Demokrasi İçin Birlik’in 1981 yılında düzenlediği geceye Kürt
arkadaşlar Tekoşer olarak katılmışlardı. Daha sonra Brüksel Kürt
Enstitüsü’ne dönüşen örgütle olduğu gibi Ermeni ve Asuri arkadaşların
örgütleriyle de sıcak ilişkiler kurduk. 1999 yılından itibaren Kürt
Enstitüsü’ne olduğu gibi Ermeni ve Asuri dernek ve işyerlerine yapılan
saldırılar karşısında ortak tavır aldık. Ermeni soykırımının 90.
yıldönümünde ve ertesi yıl 1971 darbesinin 35. yıldönümünde bu
beraberliğimiz daha da pekişti ve günümüze kadar aynı duyarlılıkta ve
etkinlikte sürüyor.
Bu yıl 17-23 Eylül tarihlerinde Brüksel’de düzenlenen Kürt Kültür
Haftası’na İnfo-Türk ve Güneş Atölyeleri de aktif olarak katıldı.

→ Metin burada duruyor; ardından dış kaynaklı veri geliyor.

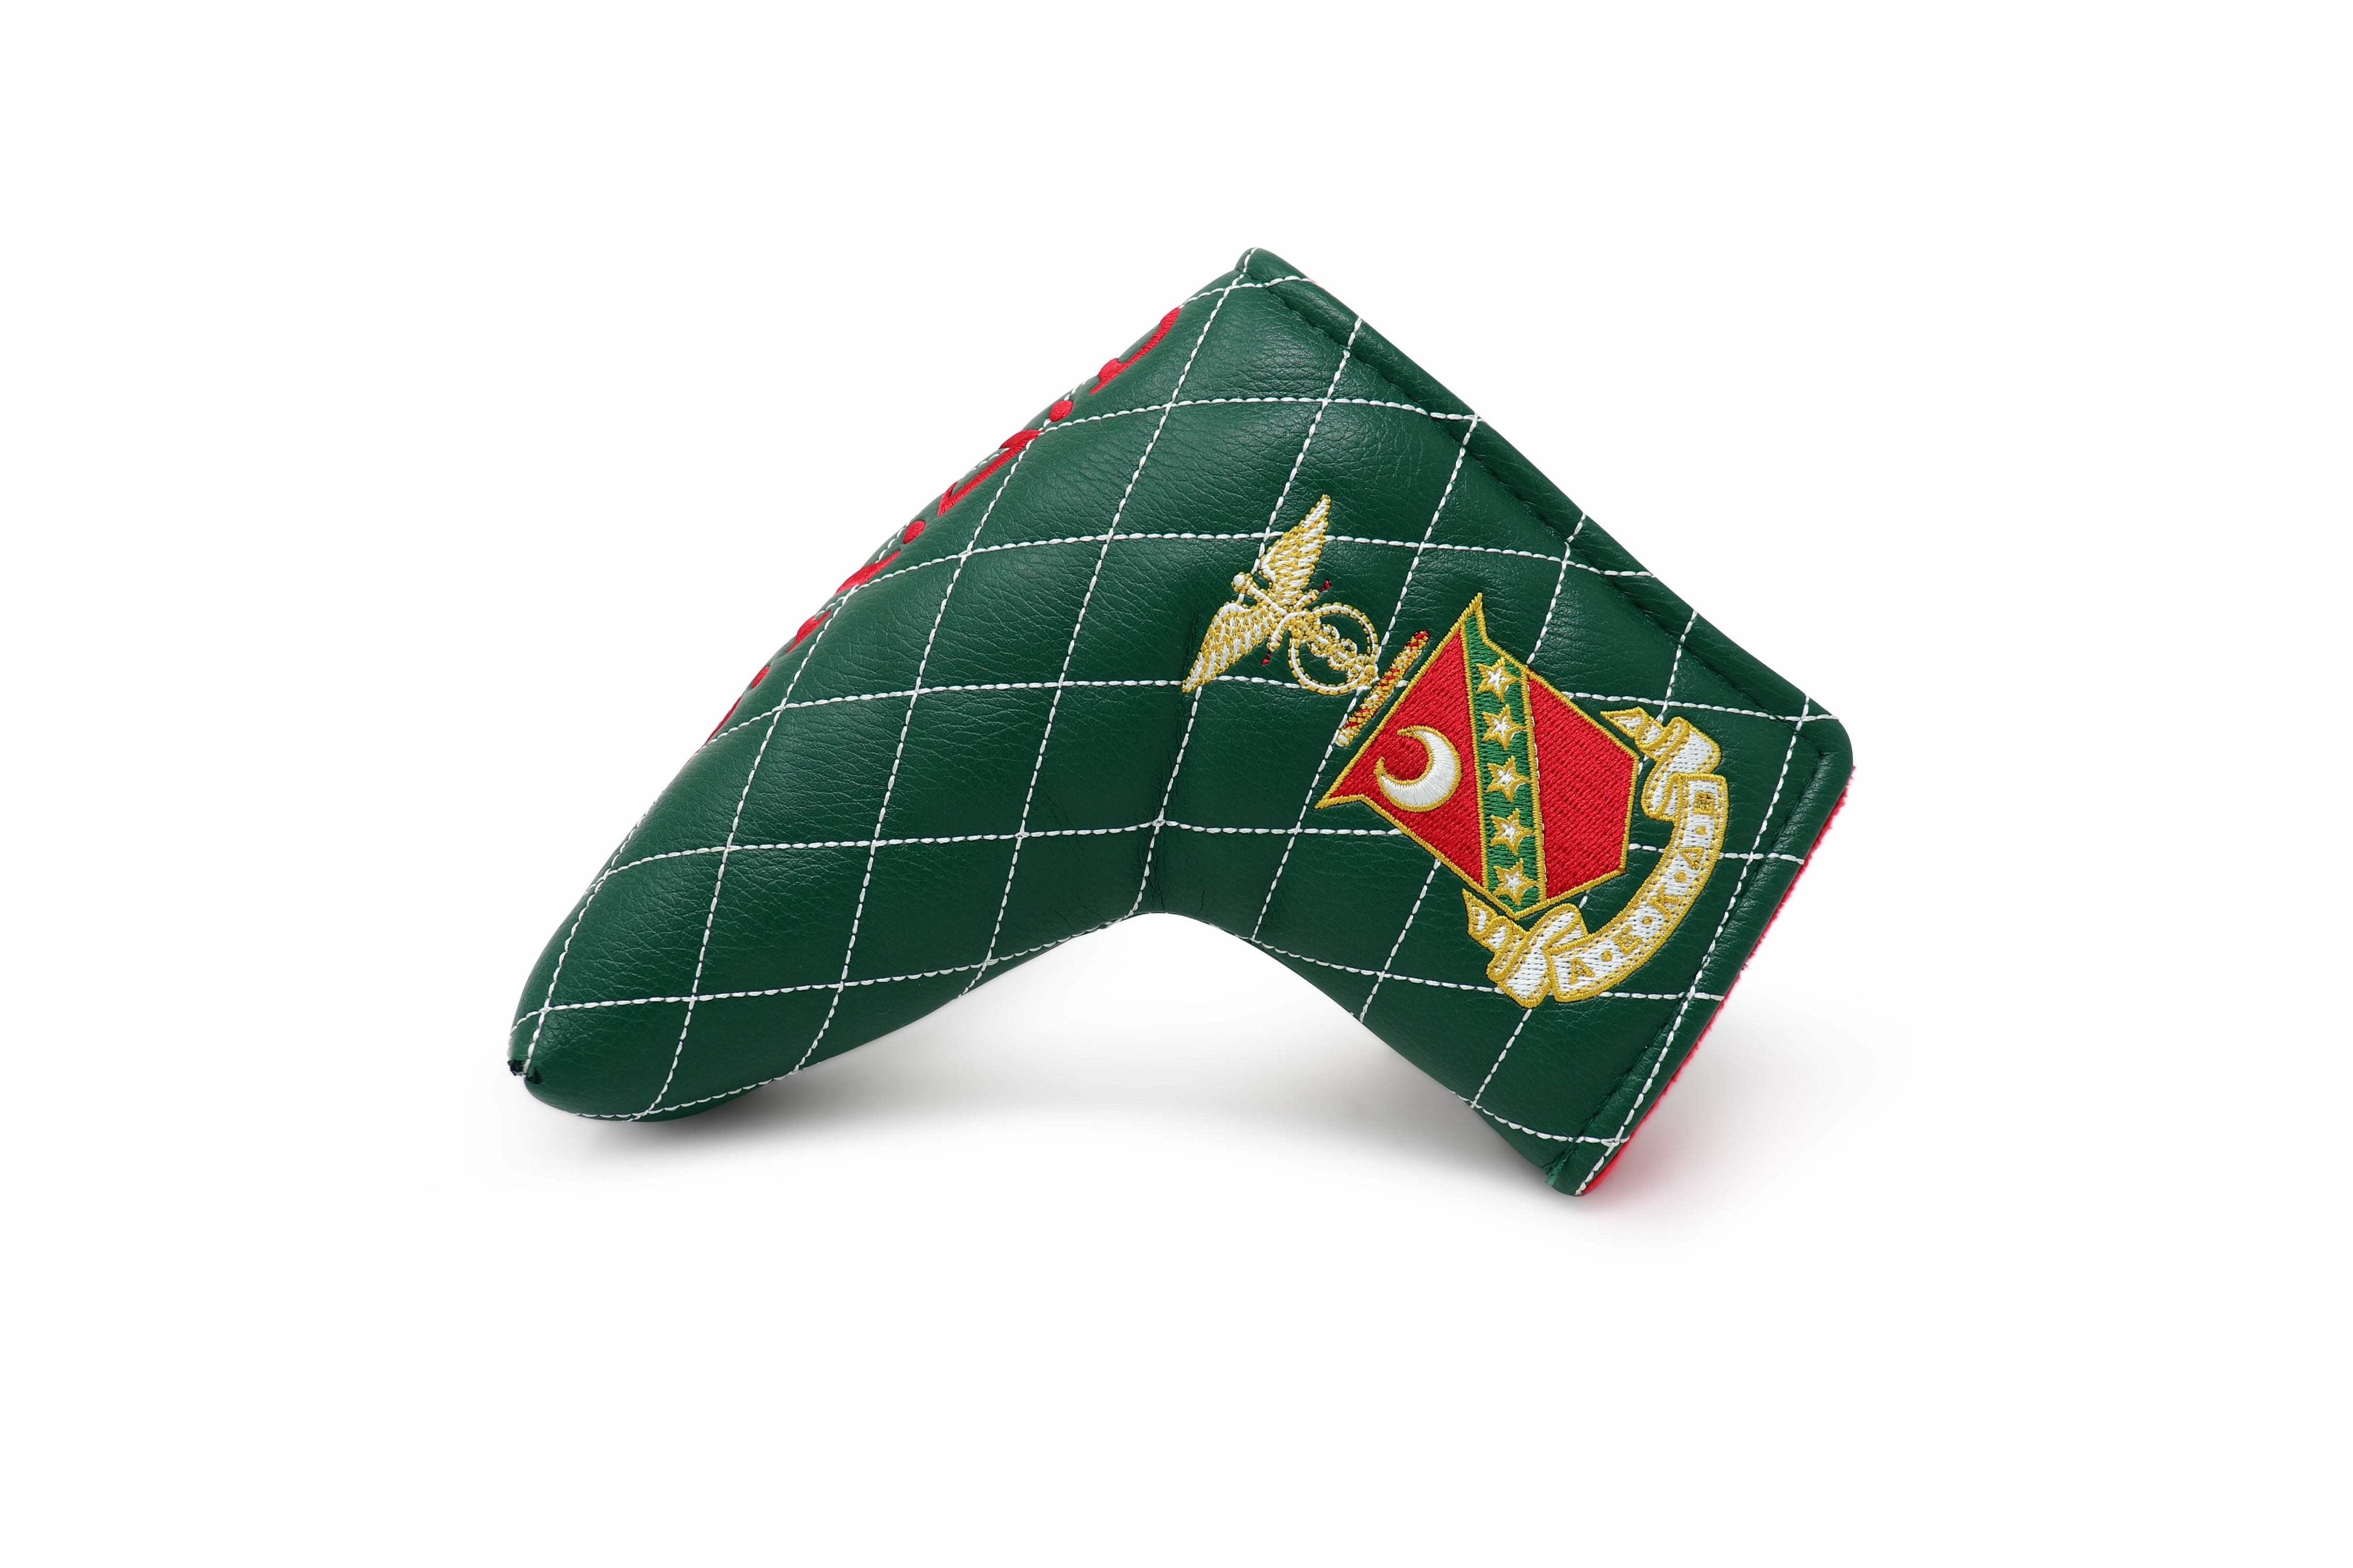 Kappa Sigma Blade Putter Headcover Fraternity

Örgütsel çalışmalarımız sadece Türkiyeliler arasında değil… 70’li
yılların sonlarından beri demokratik göçmen örgütlerinin koordinasyon
merkezi olan CLOTI’de, Brüksel Kültürler Arası Etkinlikler Merkezi
CBAI’de, Irkçılık ve Yabancı Düşmanlığına Karşı Mücadele Hareketi
MRAX’ta aktif olarak yer aldım. Göçmenlere siyasal haklar tanınması
için tüm girişimlere katılarak destek verdim.